§ The task: Would you copy the listing below exactly, keeping the pictures out?

§ Data provided:

····················

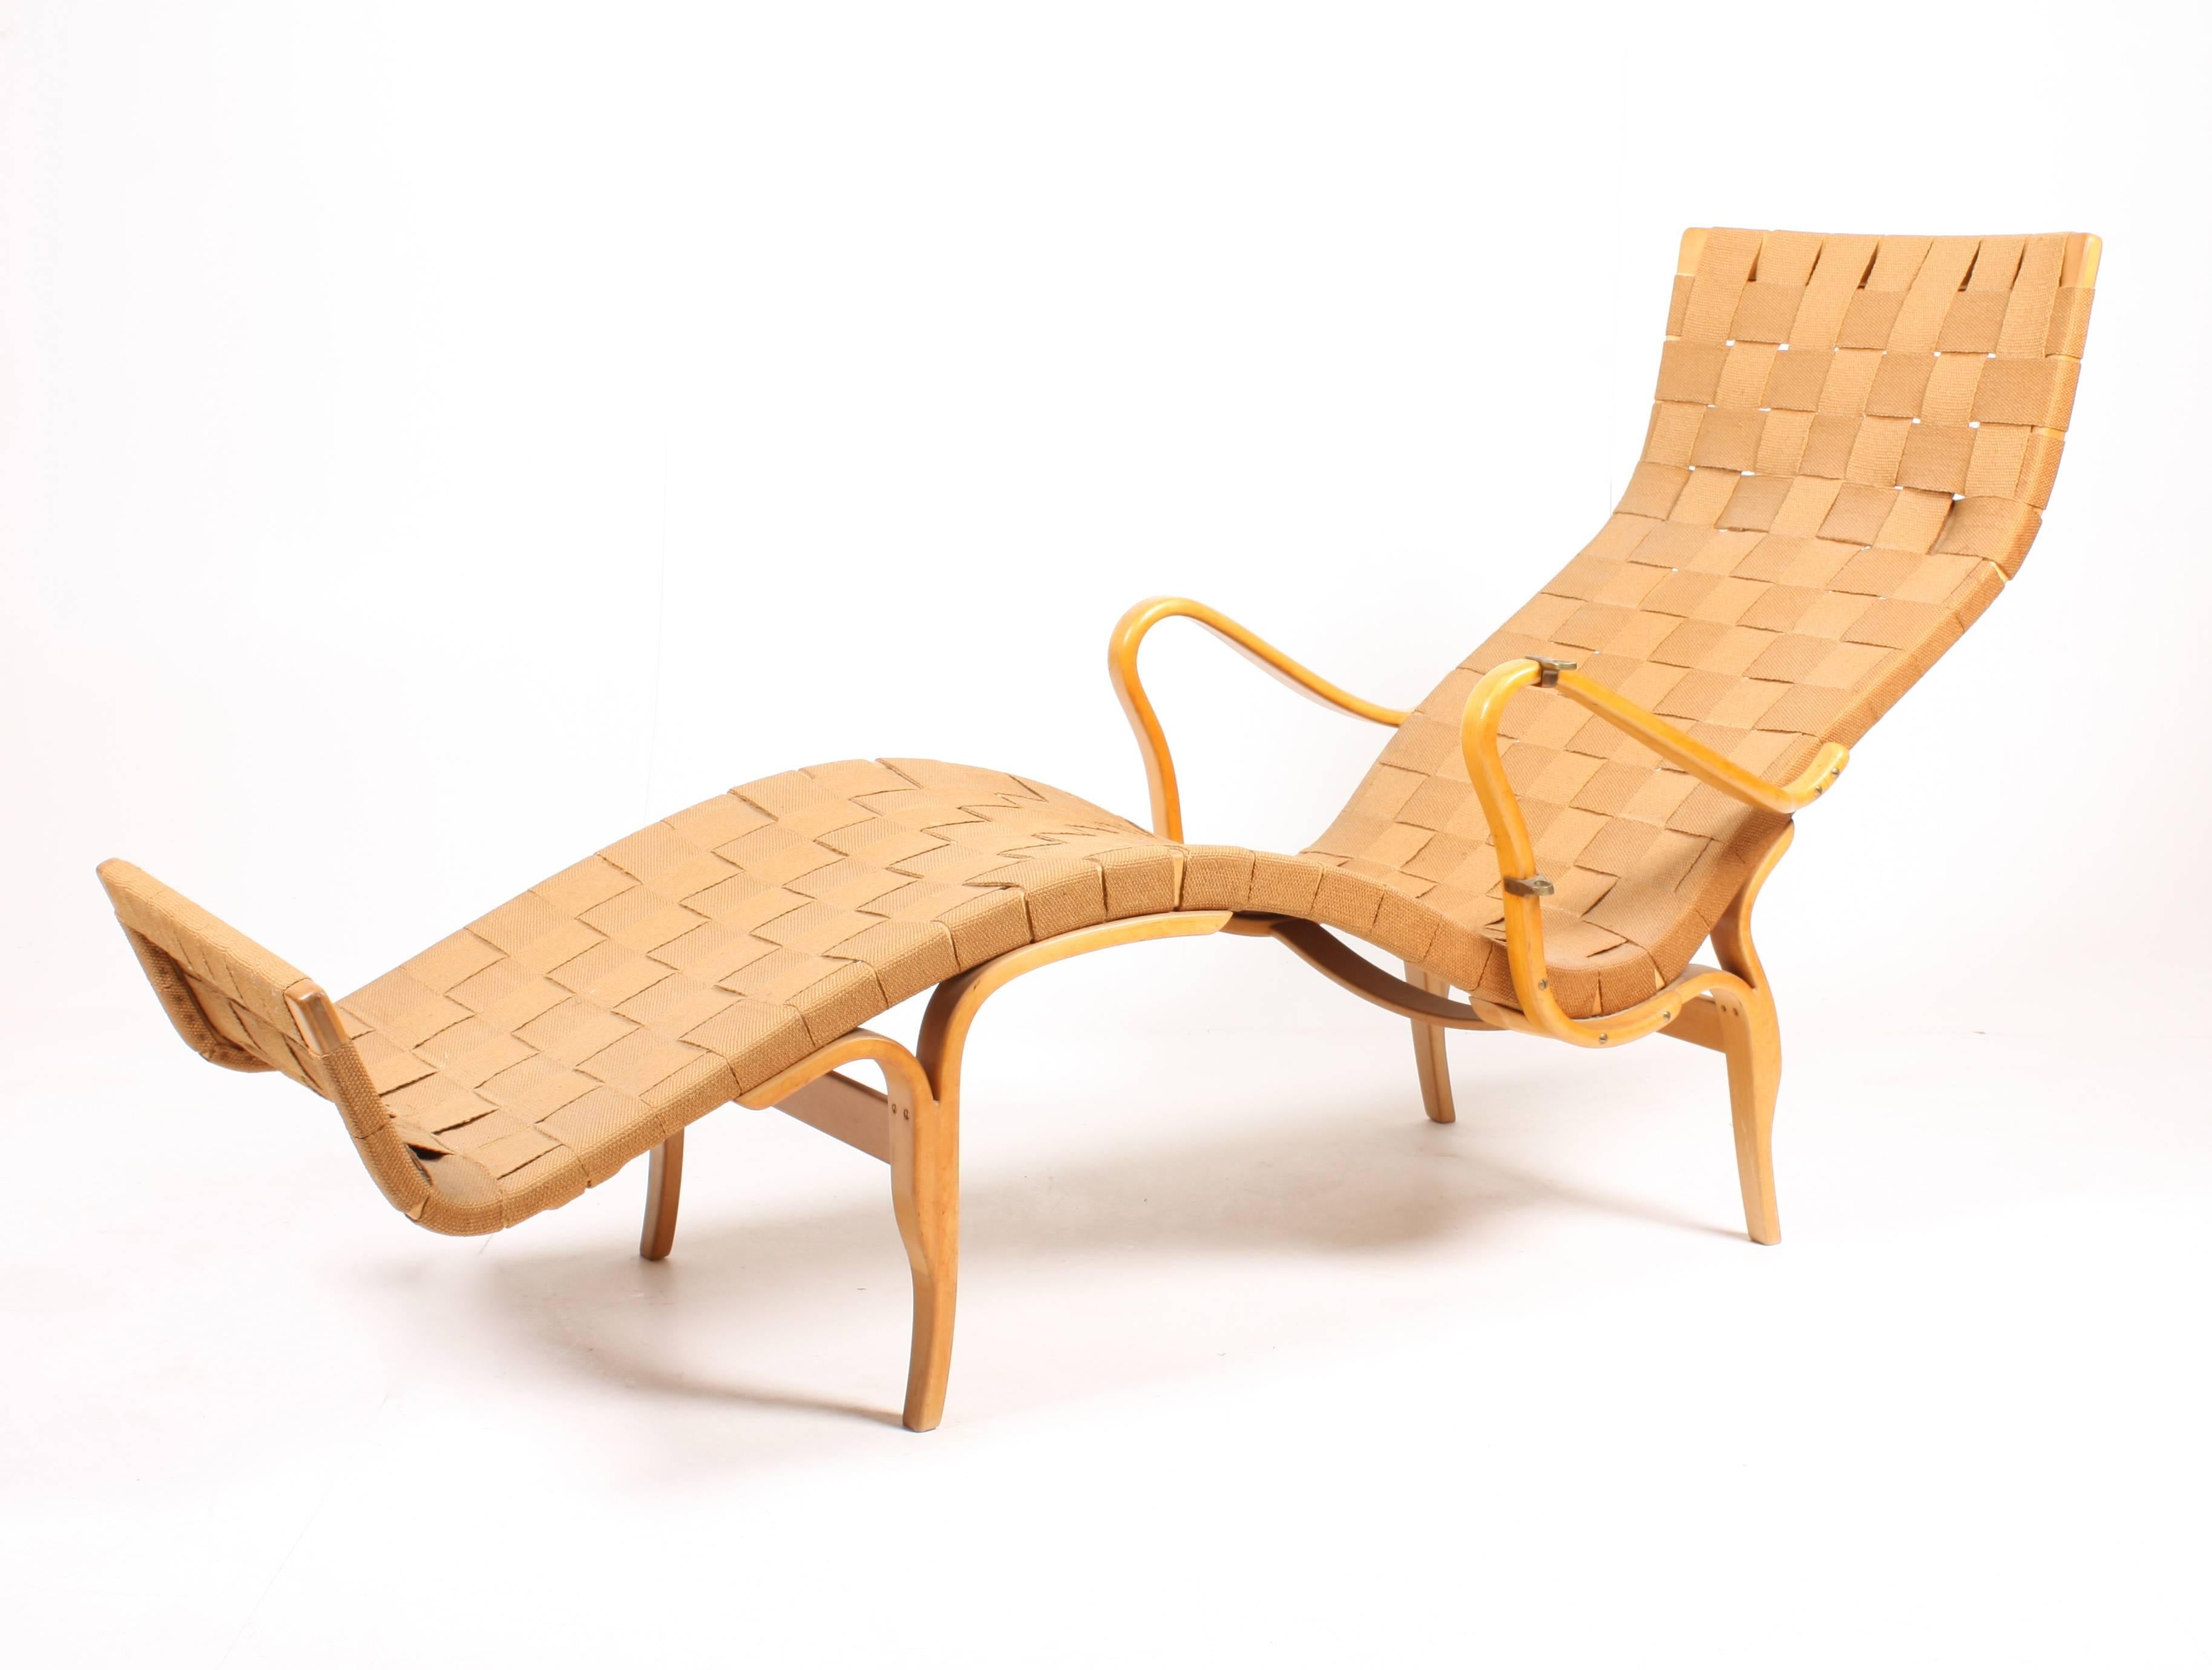 Bruno Mathsson lounge chair with adjustable writing table and original hemp webbing. Seatframe, arms and underframe of laminated beech. Produced by Firma Karl Mathsson

Bruno Mathsson was born to cabinet making. His father, Karl Mathsson was the
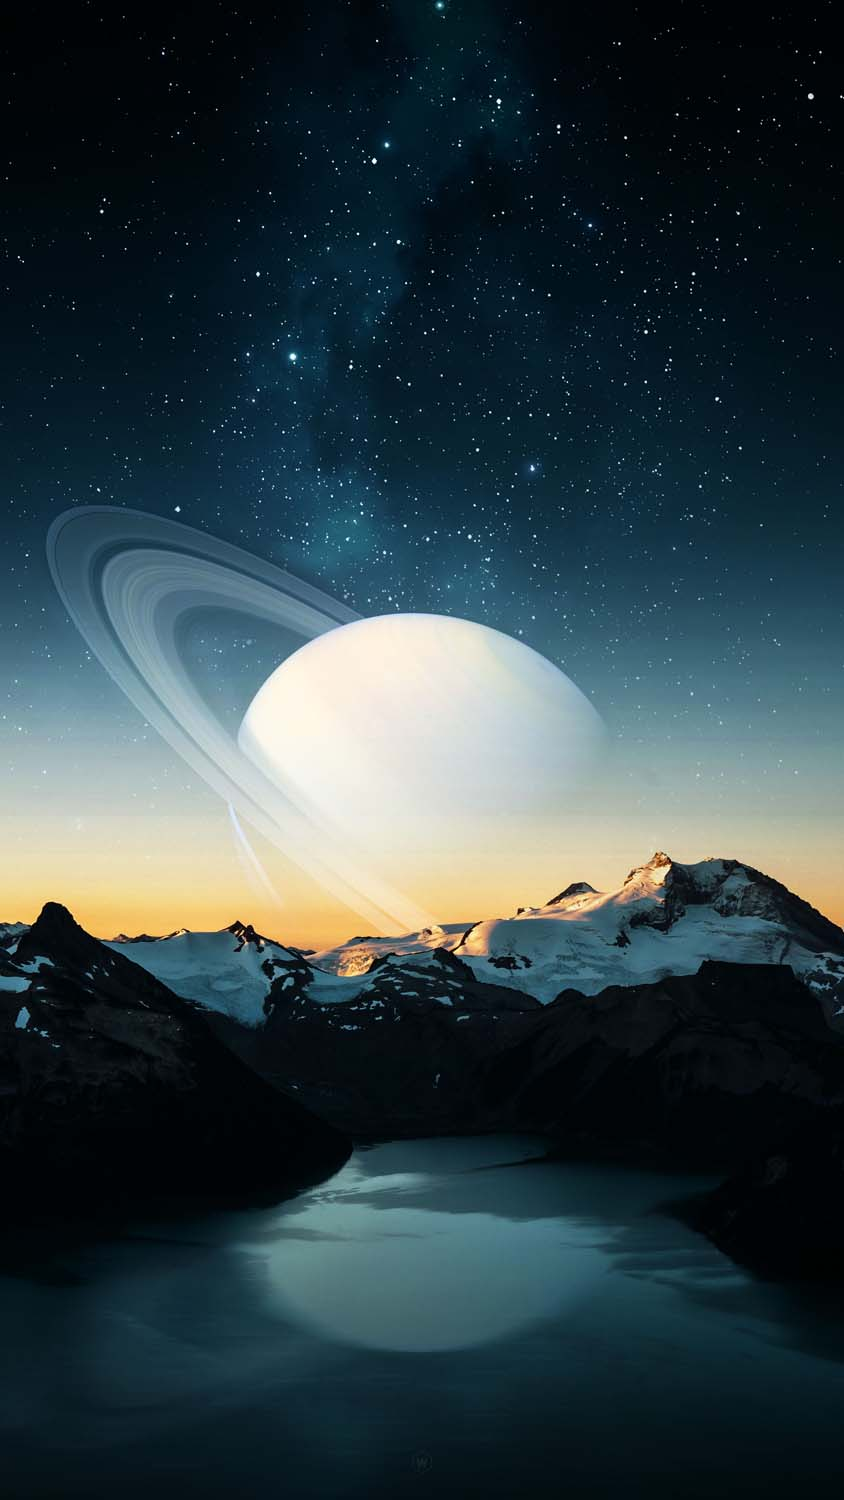 Saturn View From Mountains IPhone Wallpaper HD  IPhone Wallpapers

····················

§ Written answer:
 Bruno Mathsson lounge chair with adjustable writing table and original hemp webbing. Seatframe, arms and underframe of laminated beech. Produced by Firma Karl Mathsson

Bruno Mathsson was born to cabinet making. His father, Karl Mathsson was the
 Saturn View From Mountains IPhone Wallpaper HD  IPhone Wallpapers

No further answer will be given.